[Opinion] Don’t let C-11 die

Bill C-11, which notably amends the Broadcasting Act with respect to online streaming, is currently being discussed by the Standing Senate Committee on Transport and Communications, after second reading in the Senate. This bill is unleashing passions on social networks and is the subject of strong and very divided opinions. Although this bill can be eminently improved, we nevertheless want to affirm the need to achieve the main objectives it has set itself, objectives that are absolutely crucial for Canada.

First, we must emphasize the importance of Bill C-11 as an instrument for modernizing Canadian broadcasting policy, which was first set out in 1991, when the Internet was still in its infancy. Faced with the convergence of traditional and digital media since that time, it is essential to adapt Canadian broadcasting policy as well as the powers of the broadcasting regulator, the Canadian Radio-television and Telecommunications Commission (CRTC). , to better reflect the heterogeneous ecosystem of communications and cultural production resulting from the digital transformation of our society.

It is for this reason that the update to the Canadian Broadcasting Policy aims to include online businesses in the latter, in particular video-on-demand services such as Netflix or Disney+. The CRTC will be able to issue various orders, imposing among other things “the proportion of broadcasts […] in the original French language” and “the promotion and discoverability of Canadian programs and Canadian programming services”.

Each company must also “contribute to the achievement of the objectives of the policy, in the appropriate manner depending on the nature of the services it provides”. The Bill strengthens these order-making powers by giving the CRTC the power to impose administrative monetary penalties on persons and businesses that violate provisions of the Act or its regulations.

Second, Bill C-11 proposes long-awaited changes to the broadcasting policy that recognize the fundamental role the broadcasting system plays in promoting and enhancing the forms of cultural expression produced and created by Canadians in all their pluralism.

Here we highlight a few examples. First, the bill makes explicit reference to updating the objectives of equity, diversity and inclusion, by ensuring that the system better meets the needs of Canadians from racialized communities or who represent diversity. because of their ethno-cultural background, socio-economic status, ability, sexual orientation, gender identity or expression, or age. It goes without saying that ensuring that barriers to the full participation of these communities in online broadcasting and their access to it is removed is particularly important.

Next, Bill C-11 seeks to contribute to the concrete implementation of the “Truth and Reconciliation” policy, by providing for the offering of programming in Aboriginal languages ​​that reflects Aboriginal cultures (including Inuit and mestizos).

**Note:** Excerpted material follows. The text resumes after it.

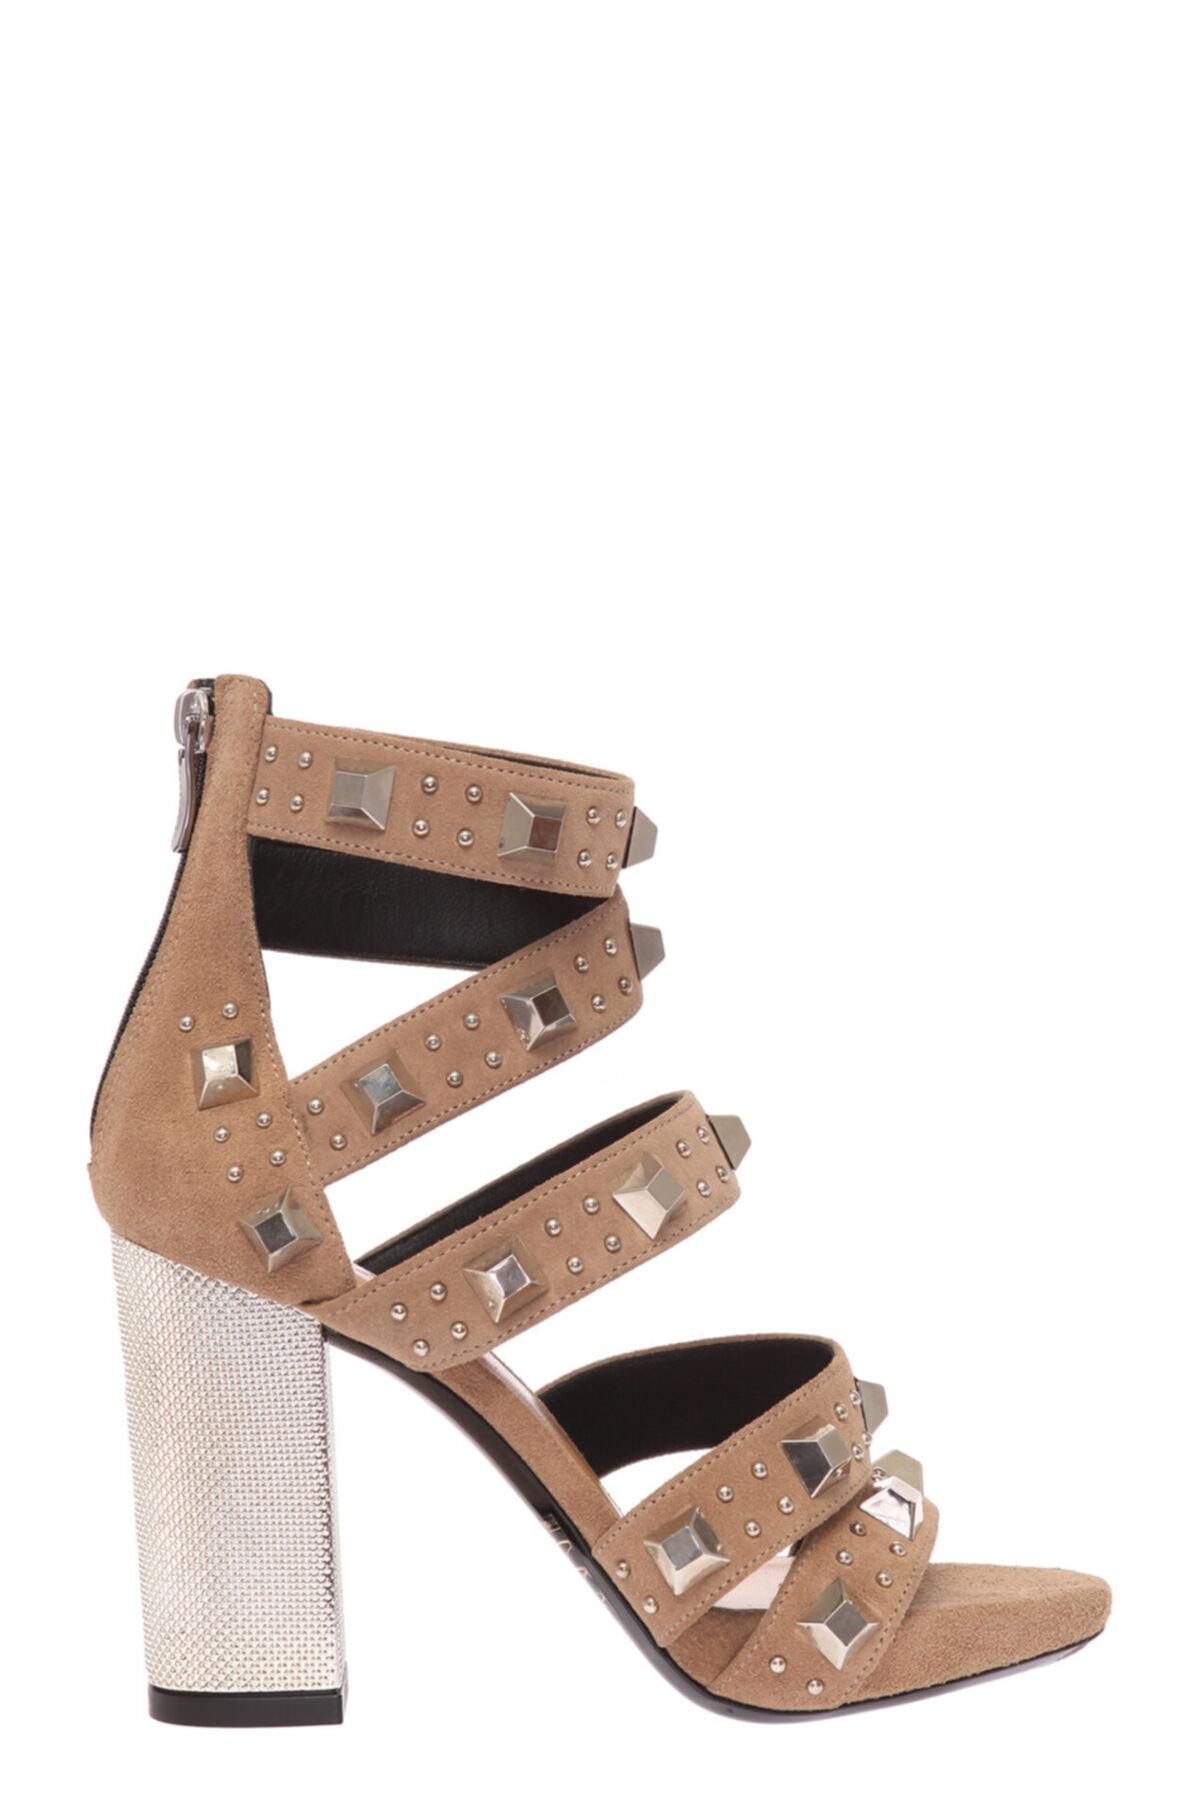 Barbara Bui Bej Sandalet 1

Finally, the bill in question seeks to promote the vitality of official language minority communities in Canada and to promote the full recognition and use of French and English in Canadian society, in particular by supporting the production and broadcasting of original programs in either language.

Legislative momentum

We are personally of the opinion that the defense of Canada’s cultural sovereignty must be accompanied by a policy of defense of its digital sovereignty. Indeed, C-11 is undoubtedly part of the ambitious Digital Charter 2020 plan, which aims to properly regulate technology in Canada. In this vein, it is important to remember that digital regulation is stagnating in Canada. At any event, it is too slow compared to what is happening with other international players.

It is high time to transform the orientations stemming from the charter in question into laws, and to give life to the principles it postulates and the objectives it sets. This requires, in particular, more support for Aboriginal initiatives, original programming in French and the representation of Canadian diversity.

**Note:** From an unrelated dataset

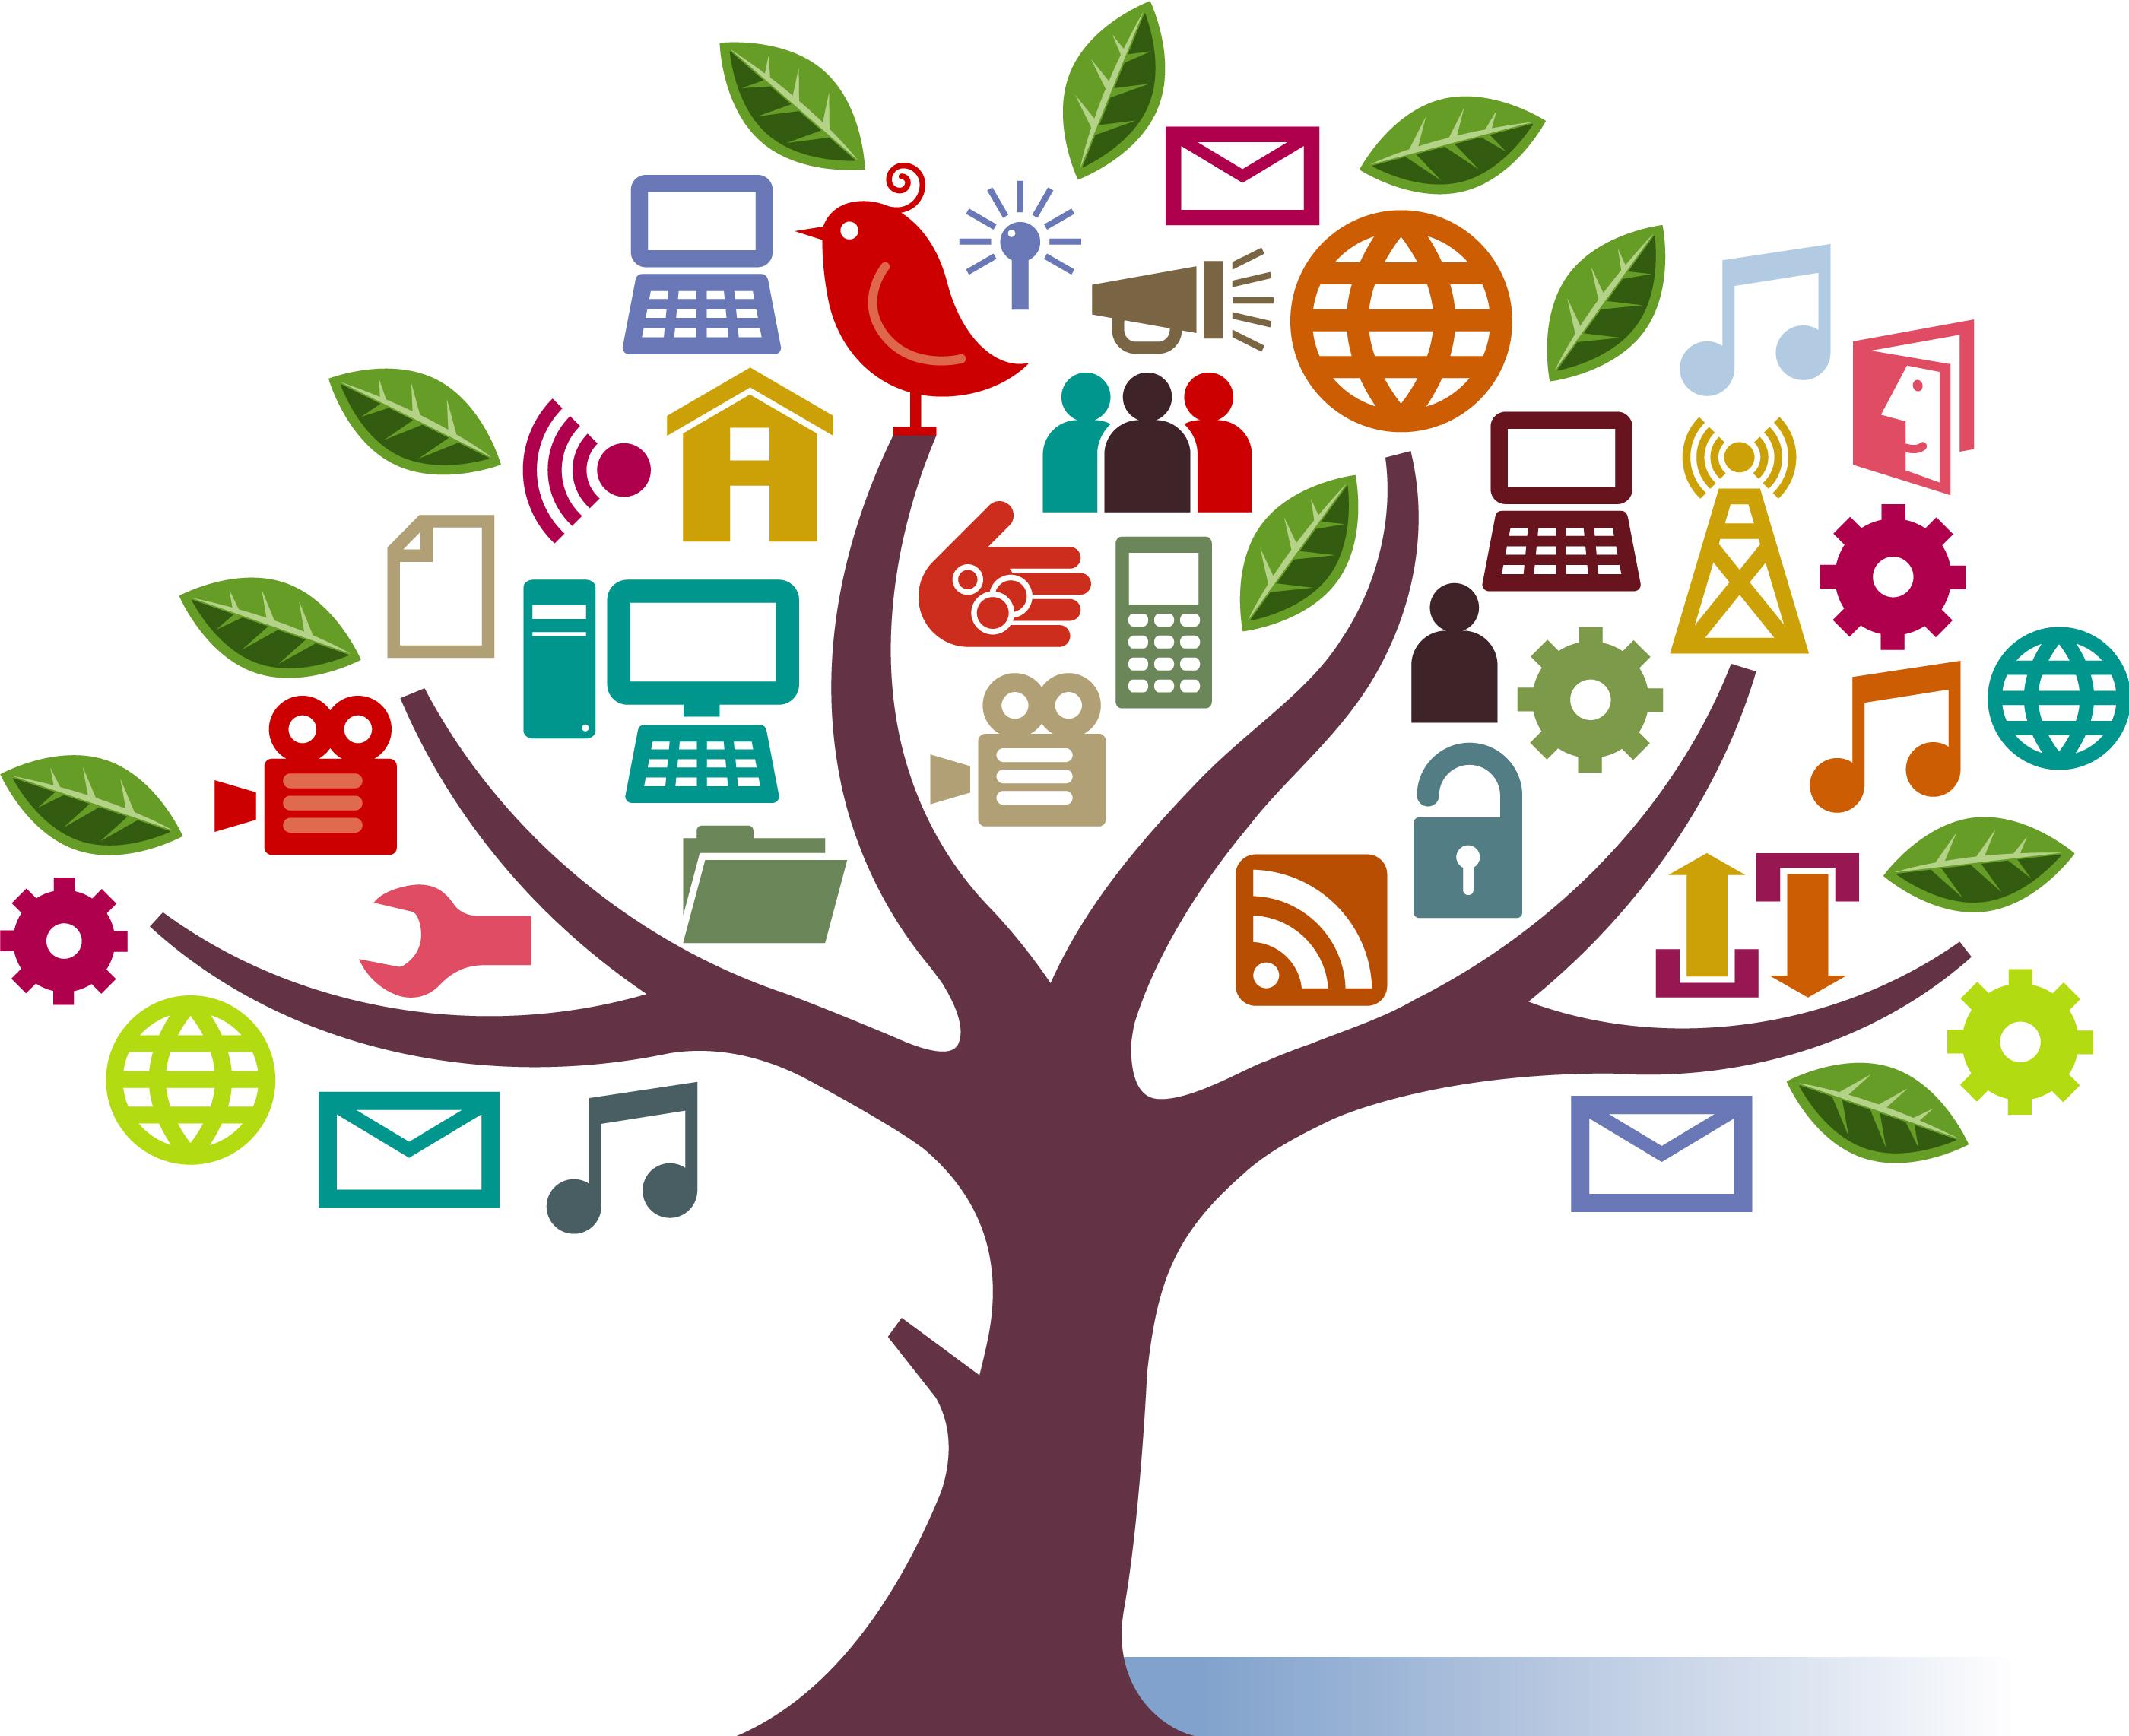 tipps de redes sociales

Currently, the bill imposes on foreign companies the obligation to employ Canadian human resources to the maximum, at least in a predominant manner, in the same way as Canadian companies. Nevertheless, C-11 provides that this must be done “to the greatest extent possible”, which is not enough to respect the orientations of the 2020 charter and to affirm loud and clear Canada’s digital sovereignty.

Be that as it may, despite its flaws — flaws that we cannot and will not deny — Bill C-11 is a step in the right direction. It is, in our view, urgent and important not to let the current legislative momentum pass. This would risk relegating to oblivion the issues of diversity and inclusion as well as cultural and digital sovereignty that this bill promotes.

The big losers from a failure of Bill C-11 would no doubt be Canadians themselves. Dropping this bill should simply not be an option.